Label1.Text = r.Replace(TextBox1.Text, @"<b>$1</b>");

If performance is a problem, I would suggest this alternate approach:

  1. Place the 100k words into a HashSet with a case-insensitive comparer. The hash set lookup complexity is O(1), ie, constant time.
  2. Use a regular expression to locate each word, and add the necessary formatting where the word appears in the HashSet.

The below code shows initialization:

List<string> words = new List<string>();
 // add words to list (omitted)

 // add words in list to a new hashset with a case insensitive comparer
 HashSet<string> wordsset
     = new HashSet<string>(l, StringComparer.InvariantCultureIgnoreCase);

Then you can process each word in the input text to identify words that are keywords, and format accordingly. The function will return the string with identified words formatted to bold (in hypertext).

string FormatWithSearchTerms(string input, HashSet<string> keywords)
{
        Regex r = new Regex(@"\b\w+\b"); // find individual words.
                                         // (Note: refinement may be needed for 
                                         // special cases, like words with 
                                         // embedded punctuation.)

        return r.Replace(input, (m) =>
        {
            string v = m.Value;
            if (keywords.Contains(v))
                return m.Result("<b>$0</b>");
            else return v;
        });
}

Running the code against a paragraph of text takes about a millisecond, with a wordlist of 109k English words.

Are you checking if specific words in a string of text match words in your 100K list?

If so, I would change the approach.

  • Step 1: Create a trie and use that to store all of your 100K words. A trie is basically a multidimensional array of nodes, where each node is a letter and an array of nodes (for the next letter in a word). You can google or check wiki for more info on the trie data structure. For a good but less efficient solution, use a HashSet of strings instead.

  • Step 2: Pull out individual words from your string, and check if they exist in your trie/hashset.
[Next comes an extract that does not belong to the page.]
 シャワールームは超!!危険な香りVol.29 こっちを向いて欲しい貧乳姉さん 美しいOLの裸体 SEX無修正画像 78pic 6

Depending on what the format of your string is, you can either split on white space, or use a simple regex using word boundaries (\\b).

Creating the trie/hashset will take a tiny bit of time, but would only need to be done once for the duration of the program. Afterwards, all searches would be extremely quick.

You can be certain, though, that using a regex with so many characters is going to be a slow procedure.

For example, using a HashSet and splitting on whitespace:

HashSet<string> allWords = new HashSet<string>();
for(int i = 0; i < words.Length; i++) {
    allWords.Add(words[i]);
}

string[] wordsInText = TextBox1.Text.Split(null as string[], StringSplitOptions.RemoveEmptyEntries);
for(int i = 0; i < wordsInText.Length; i++) {
    if(allWords.Contains(wordsInText[i])) {
        Label1.Text = @"<b>" + wordsInText[i] + @"</b>";
        break;
    }
}

Using a string.replace creates a whole new string, which is terribly costly and should be avoided in such loops. StringBuilder is the way to go in this case.